Gawande draws on examples from medicine, engineering and aviation to demonstrate how checklists can minimize error.  In the medical profession for example, a study showed that by using a checklist for placing a central line (comprised of seemingly mundane tasks like wearing a mask or body-draping a patient), the  the ten-day infection rate was reduced from 11% to zero.  But you can probably imagine situations in your own practice where a checklist – such as the essential elements of a personal injury complaint to a list of documents required to file a bankruptcy petition – could also help avoid error and eliminate the risk of dismissal of a case.

OK.  So you’re convinced of the importance of checklists.  But what’s that got to do with marketing?  Plenty.  Consider these potential ways to use checklists to market your practice educate your clients and keep your firm at the forefront of their mind.  Here are some ideas:

1.  Create a task-oriented checklist of all of the steps involved in a particular type of proceeding — for example, a typical divorce dispute.  Post the checklist on your website or blog, or publish it online as a mini-ebook.  The checklist will help clients understand all of the steps involved in even a so-called simple divorce.  As a result, the list can help weed out prospects who aren’t really serious about divorce, but nevertheless, eat up your time at a free consultation.  And where a client does hire you, a task-oriented checklist helps clients know what to expect, and also familiarizes them with the amount of work that their case may potentially entail – which can help reduce complaints about excessive fees down the line.

2.   Create a client “to do checklist” – for example, a list of documents that clients should bring to the first meeting or gather together for a bankruptcy filing or preparation of an estate plan.  A client to do checklist will help you to market your practice because it makes clients’ lives easier.  Going through a bankruptcy or preparing an estate plan is stressful enough for busy clients; it’s even more stressful if they need to keep providing additional information because they forgot to write down a particular item that is required.  Clients will appreciate a checklist that they can work from and they’ll appreciate it even more if you offer it on your website and in both paper and computerized format, so that they don’t have to keep calling for another copy if they lose the list.  Satisfied clients will provide positive testimonials, which if accurate and sincere, are one of the most effective ways to attract new clients.

3.  Create a post-engagement checklist for clients to use after you’ve finished the matter for which you were retained. Even after you’ve finished a case for a client, there are still matters for which they are responsible, or that may trigger further legal action.  For example, even after an incorporation is complete, the client retains responsibility for filing annual reports and other documents to keep the corporation in good standing.  Creating a checklist of these post-representation matters will help the client avoid problems down the line.  And if you put the checklist on your law firm letterhead (or if you’re feeling particularly ambitious, create a branded mobile app for a client to download a checklist on his or her phone), clients can always get in touch with you for follow up questions or problems.

For other matters – like a bankruptcy discharge or a divorce and child custody agreement – you’ll want to create a checklist to help clients determine whether they need further assistance.  For example, after a bankruptcy, clients shouldn’t be getting calls from creditors whose debts were already discharged – and if they do, they should call you.  Likewise, for divorce matters, a lawyer might identify a list of events – such as loss of a job or an ex-spouse’s remarriage or relocation – that may trigger the filing of modification petitions.

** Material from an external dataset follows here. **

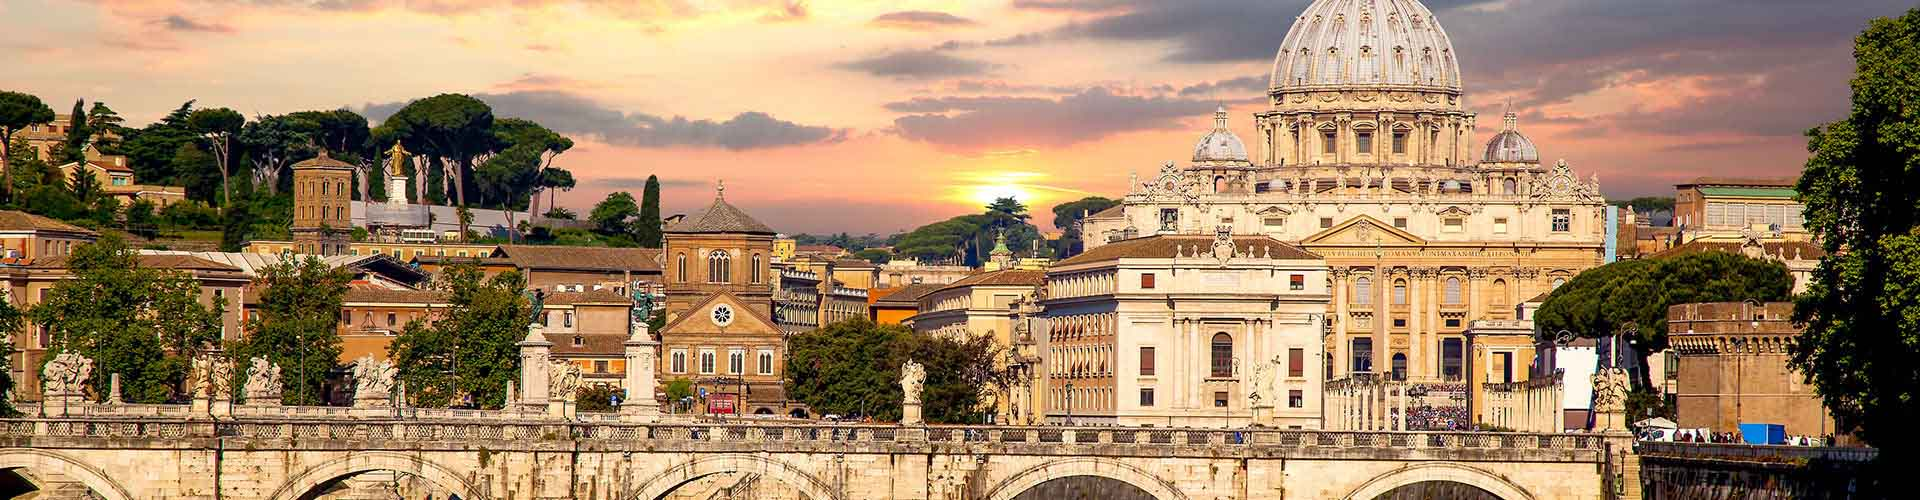 Rome - Chambres pas chères dans le quartier de Verano. Cartes pour Rome, photos et commentaires pour chaque chambre à Rome.

Checklists are an ideal marketing tool:  they educate clients and enable lawyers to serve them more effectively.  Checklists aren’t as flashy as a T.V. commercial or even a fancy website, but they’re inexpensive and most of all, something that lawyers should be creating for their practices anyway.  So when you get around to making a list of the tools that you want to use to market your practice, be sure to include the humble checklist.